To be more precise, he batted .162 with a .492 in June, 2023. He also put up .351/.954 in May and .293/.860 in July. It’s enough to give a person vertigo.

Rojas was called up straight from Double-A Reading last year and, in addition to a Gold Glove caliber defense, batted .302 for the rest of the regular season. But after going 4-for-43 (.093) in the postseason, his ability to contribute enough offensively to justify his defense was called into question. And when he was batting .148 after his first 10 games, the calls for him to be sent to Triple-A Lehigh Valley grew louder.

Since then, though, he’s 12-for-33 (.364). And he continues to catch just about everything that stays in the park. Tuesday night he made a leaping catch at the wall to rob Reds leftfielder Spencer Steer, then went down in a heap after bruising his hip on the metal fence post. He was able to stay in the game, though, and Thomson said he expects him to play Wednesday night.

Rojas credits hitting coach Kevin Long for his turnaround. . .with a big assist from Turner.

“Trea and I talked a couple things. He told me a couple things and I looked better and felt better as soon as we talked,” Rojas said through interpreter Diego D’Aniello. “He was watching me in the cage and he started talking to me about something I was working on. Basically, leg rotation first and then following up with swing. In a game, it’s all one motion. But in cage work you can break it down.

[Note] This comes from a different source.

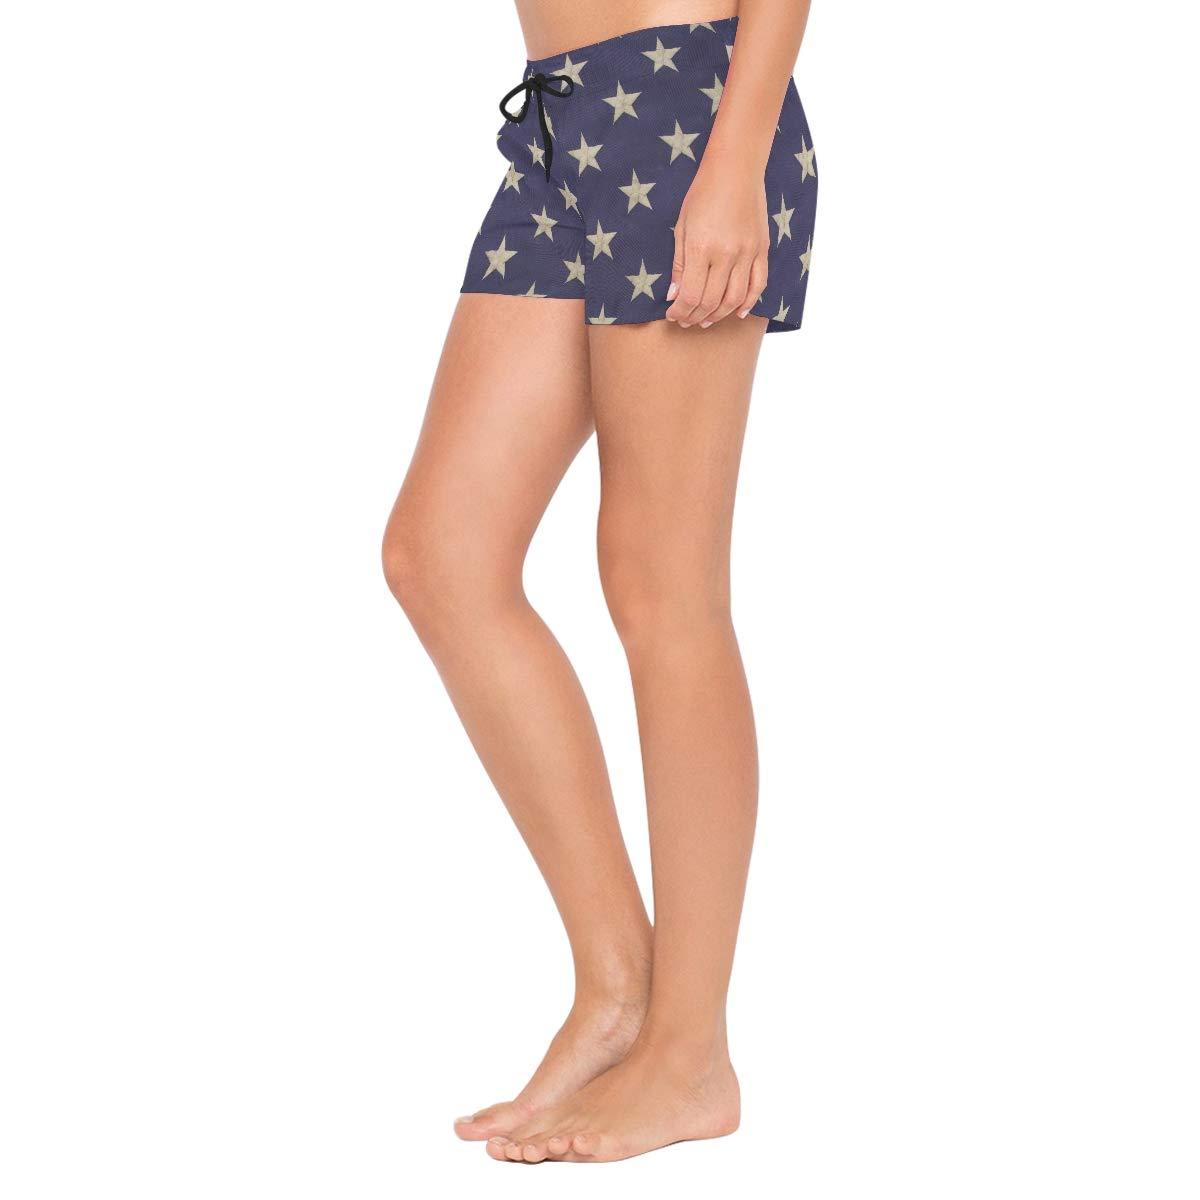 L Star Purple Background Womens Board Shorts with Pockets Quick Dry Drawstring Beach Swim Trunks S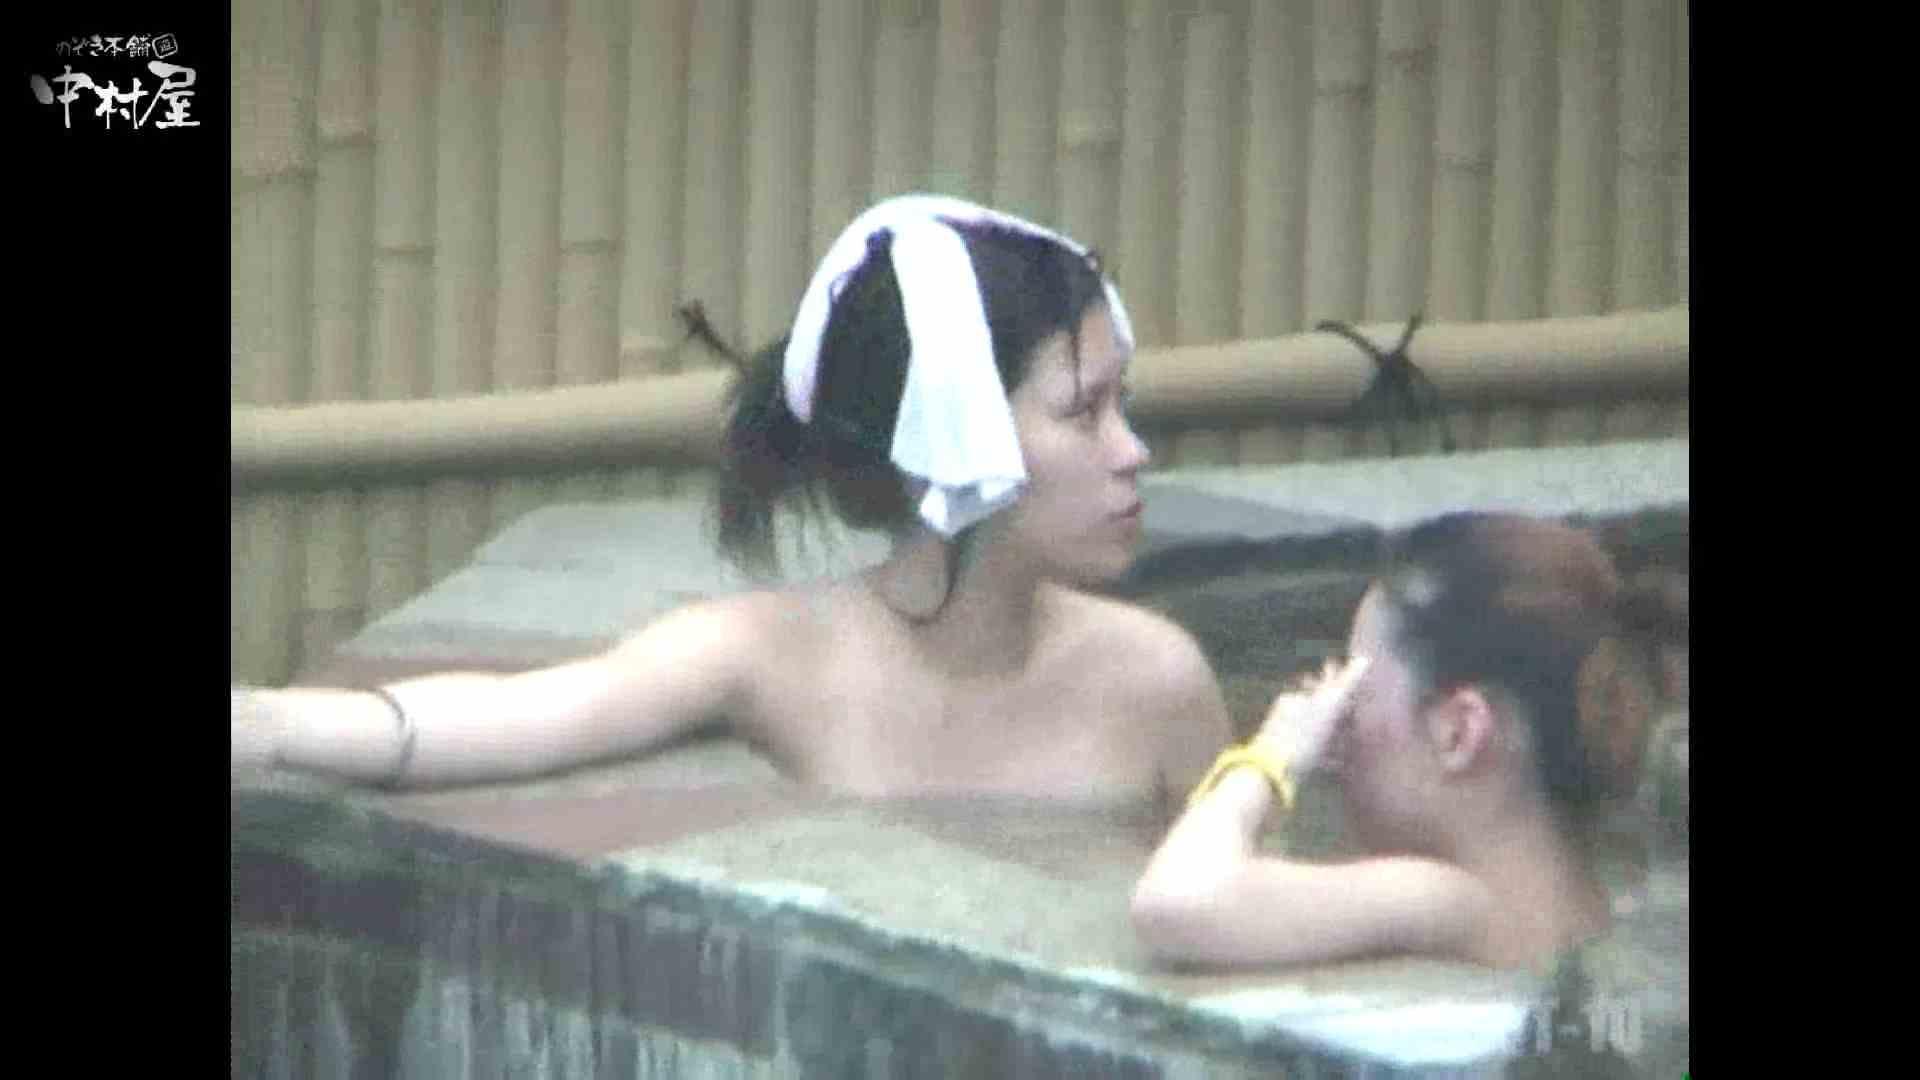 Aquaな露天風呂Vol.874潜入盗撮露天風呂十判湯 其の三 潜入突撃  77pic 76

“It’s something I’ve been working on but the way he explained it was so good that right away I understood. He showed me videos of other players, then he put it in slow motion so I could see what he was talking about. He also used himself as an example of last year when he was struggling and showed that was one of the reasons he was struggling as well.

“It’s incredible. We’re surrounded by star players. And for a star player like Trea Turner to take his time to talk to me and help me, I feel really grateful, for that.”

Hitting, it seems, is a little like the weather. If a good hitter doesn’t like what he’s seeing, he has to be patient. Because it’s bound to change.